桑家来人请我爹的那一日,是腊月十六。
来的是个矮个子男人,三十出头,骑一头深褐色的骡子翻了三里山过来。我那一年十二,正在堂屋后头的小灶房里给我爹热饭。听见院门口的动静,我没出去,我爹自己出去看。
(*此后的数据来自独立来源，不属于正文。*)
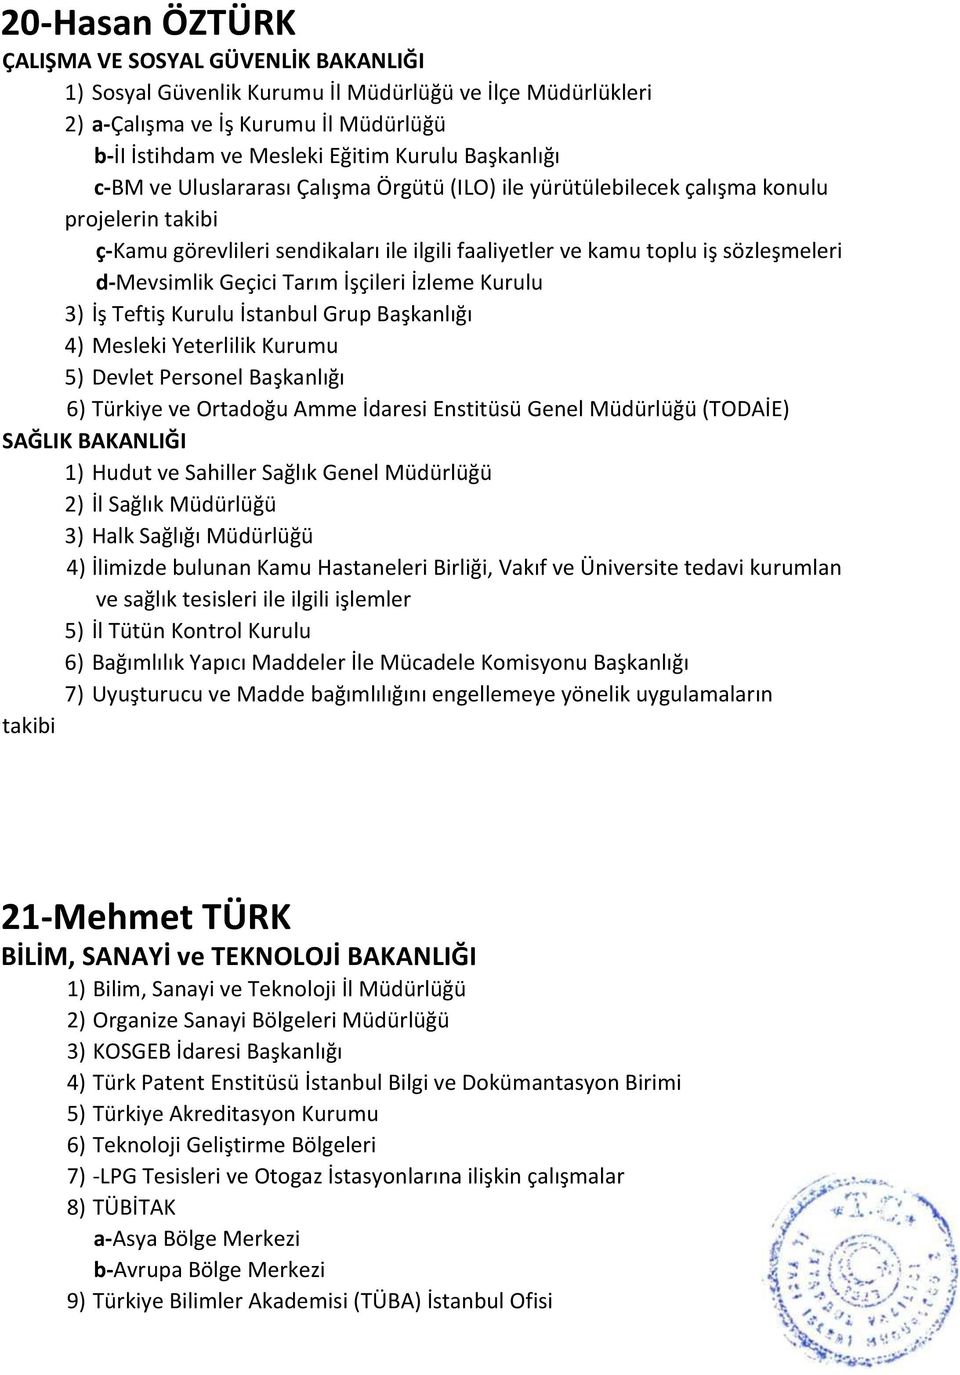 d-mevsimlik Geçici Tarım İşçileri İzleme Kurulu 3) İş Teftiş Kurulu İstanbul Grup Başkanlığı 4) Mesleki Yeterlilik Kurumu 5) Devlet Personel Başkanlığı 6) Türkiye ve Ortadoğu Amme İdaresi Enstitüsü

那男人下了骡子,把缰绳拴在院门口那棵老榆树上。他朝我爹弯了一下腰,从青布袄子内兜里取出一封信。我爹接过来,没立刻看,先把那男人让进堂屋。
我端了一碗白开水出去。男人接了,没坐下,站着喝完。
我爹打开信看了一会。我从灶房门缝里看见,他的眉头收了一下,又松开。然后他把信折回,揣进怀里。
那男人弓着身子,嗓子哑。
"娃七岁,男娃。开春那一阵起的。"
"夜里不睡,瞪眼坐到天亮。白日跟他说话不应。眼睛直直的,看人半天不转。"
我爹"嗯"了一声,没再问。
"您回去告诉老五,今晚我去。"
那男人弯腰道谢,出门,解了骡子,骑着翻回三里山去了。
男人走后,我爹坐在堂屋太师椅上,看了一会东边的天。那一日的天,灰中带一点青。
我爹回头对我说:"庚生。"
"嗳。"
"今晚你跟我去桑家坝。"
……
我爹站起来,拍了拍膝盖。
拍完膝盖他没立刻走。
他往山顶那一棵枣树底下走了两步,蹲下,从枣树底下那一片落叶里头,拨了一下。
拨出来一只小石子,青的,不是路上常见的那种红土石,是河边的那种青卵石。
我爹把那只青卵石,揣进自己青布褂子的内兜里。
他没解释。
我没问。
到桑家东头那一户瓦房,是擦黑。
门口候着的是一个四十出头的男人,黑瘦,下巴胡茬泛青,眼下乌着一圈。他就是桑家东头的"老五"。
老五弯腰:"刘先生。"
我爹"嗳"了一声。
桑家堂屋正中是一张八仙桌。桌上摆着一碗水、一碗米、一炷未点的香,这是请端公先生进门时主家自己摆的"候场"。我爹看了一眼,把灰布包袱放在堂屋角的板凳上。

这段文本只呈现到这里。